++++ RECORDS TO USE
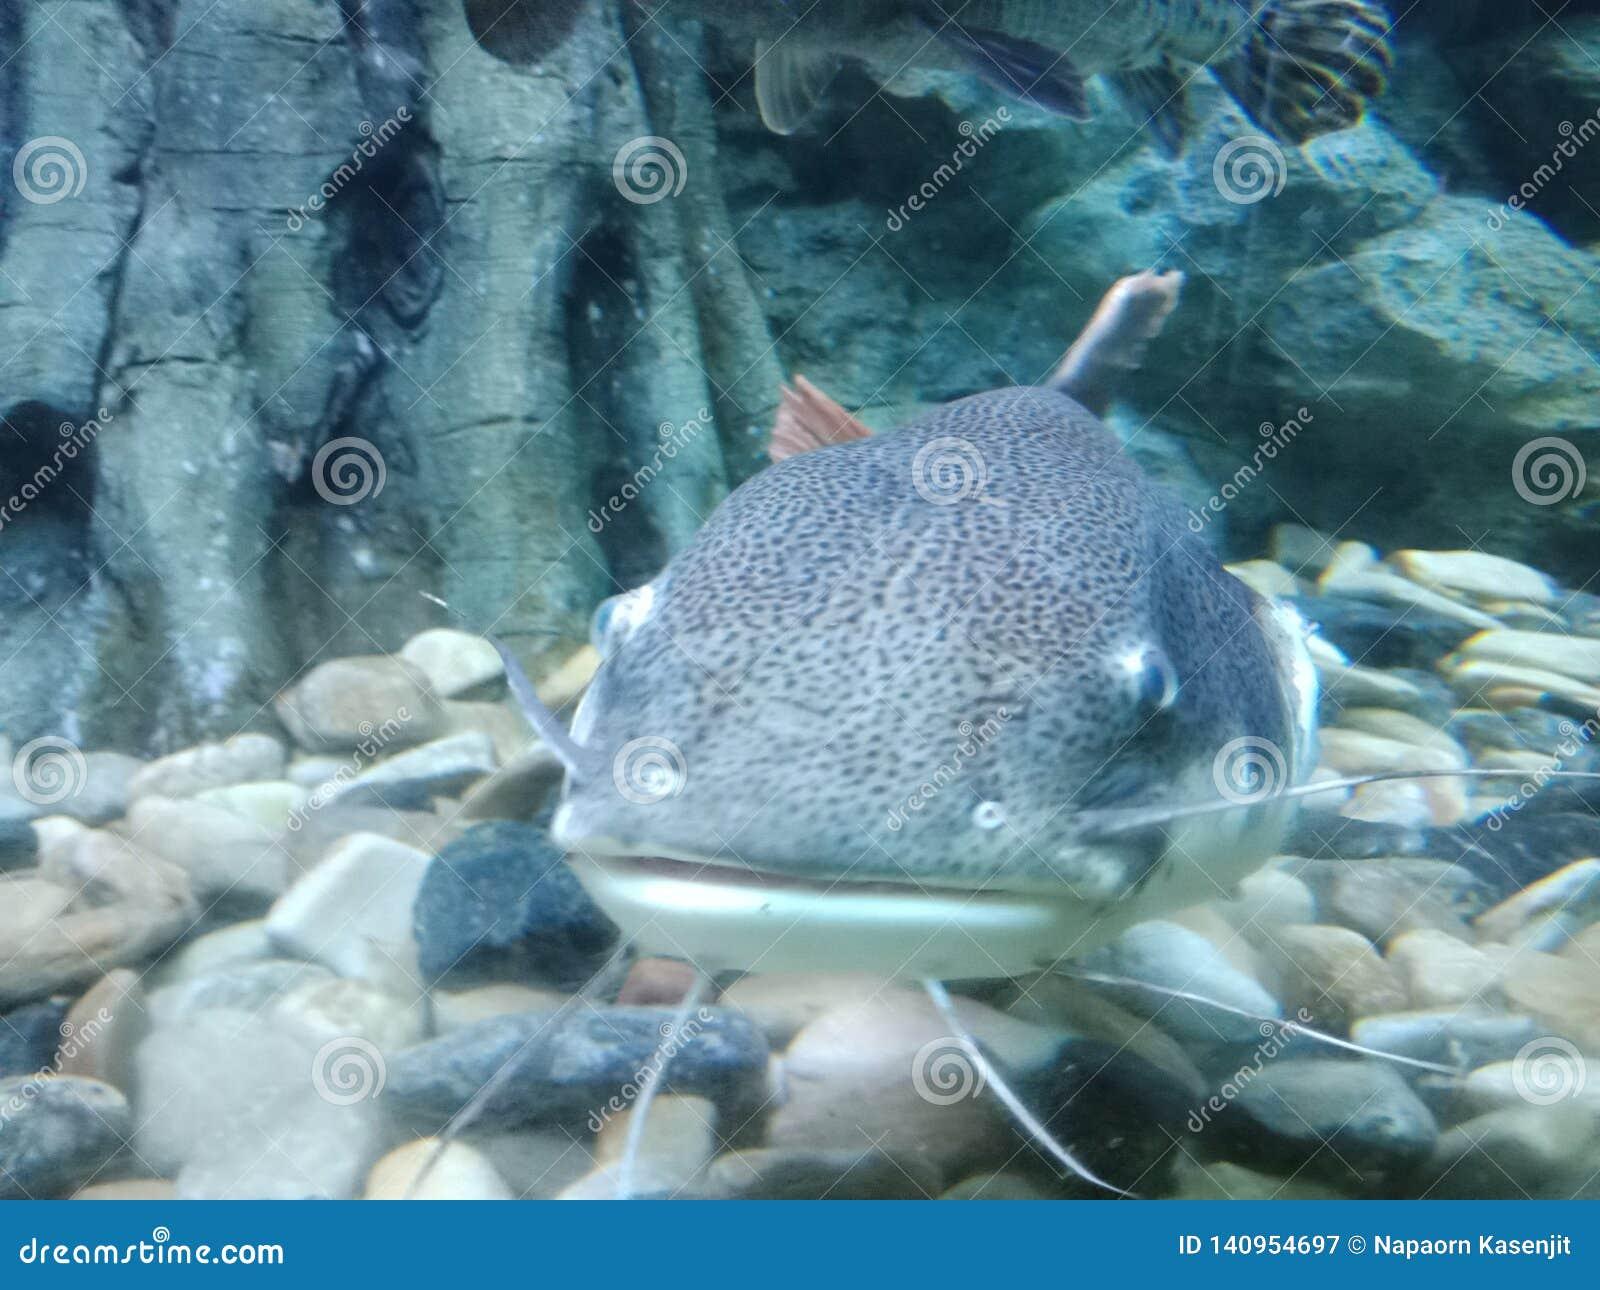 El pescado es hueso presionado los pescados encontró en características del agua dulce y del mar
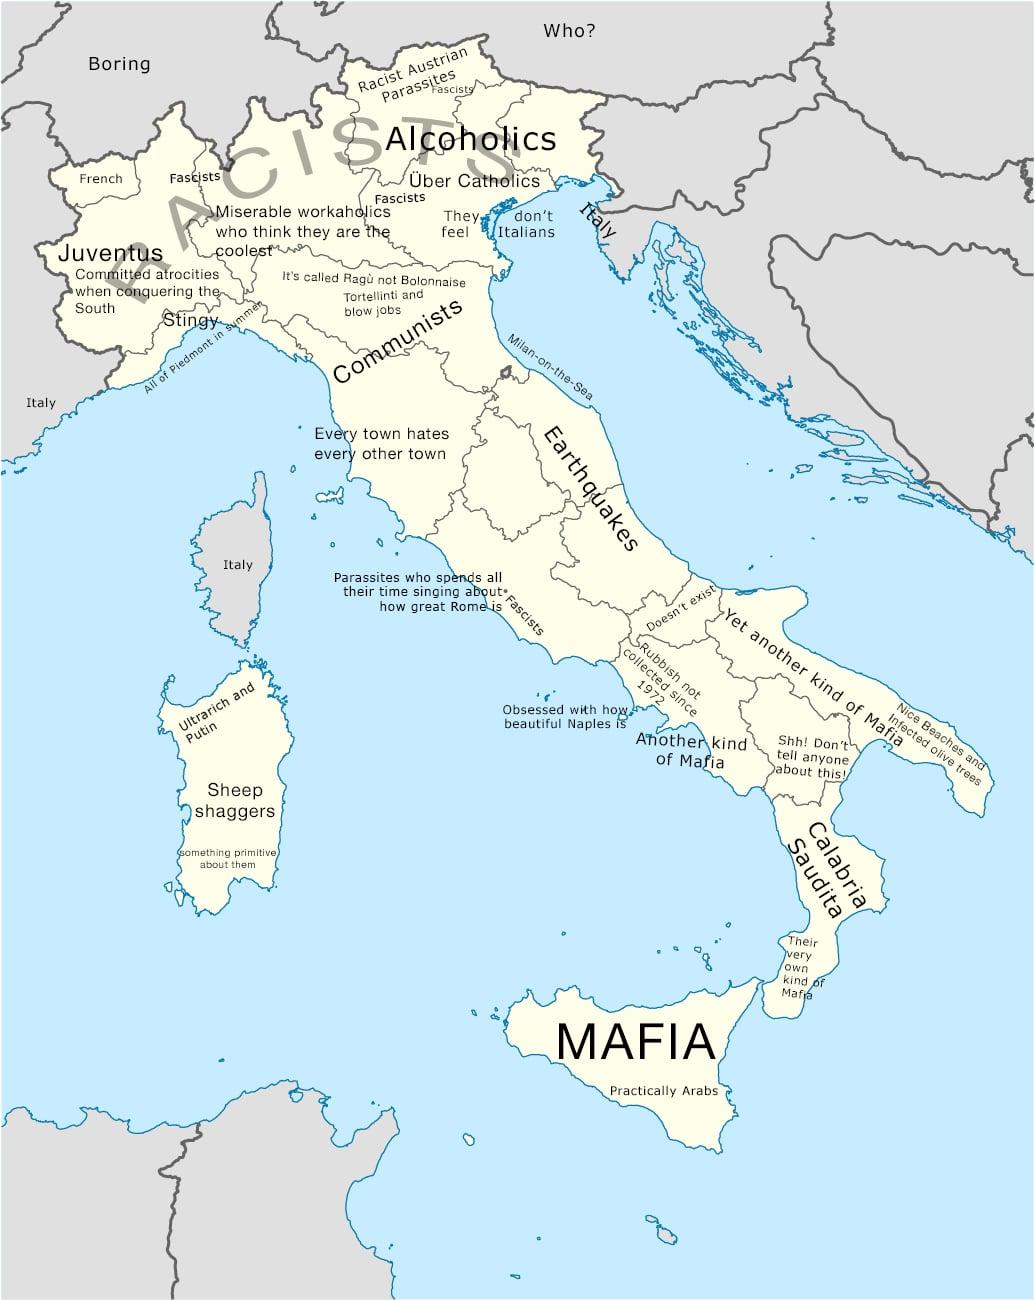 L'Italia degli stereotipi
++++++++
++++ RECORDS TO USE
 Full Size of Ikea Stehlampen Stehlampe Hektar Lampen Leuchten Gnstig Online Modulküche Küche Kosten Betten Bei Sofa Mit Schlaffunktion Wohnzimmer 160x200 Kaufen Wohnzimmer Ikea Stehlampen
++++++++
- _ASSIGNMENT_
Taking the entries above, extract every line from the one bearing "El pescado es" through the one bearing "L'Italia degli stereotipi", exactly, with no pictures.

- _REPLY_
 El pescado es hueso presionado los pescados encontró en características del agua dulce y del mar
 L'Italia degli stereotipi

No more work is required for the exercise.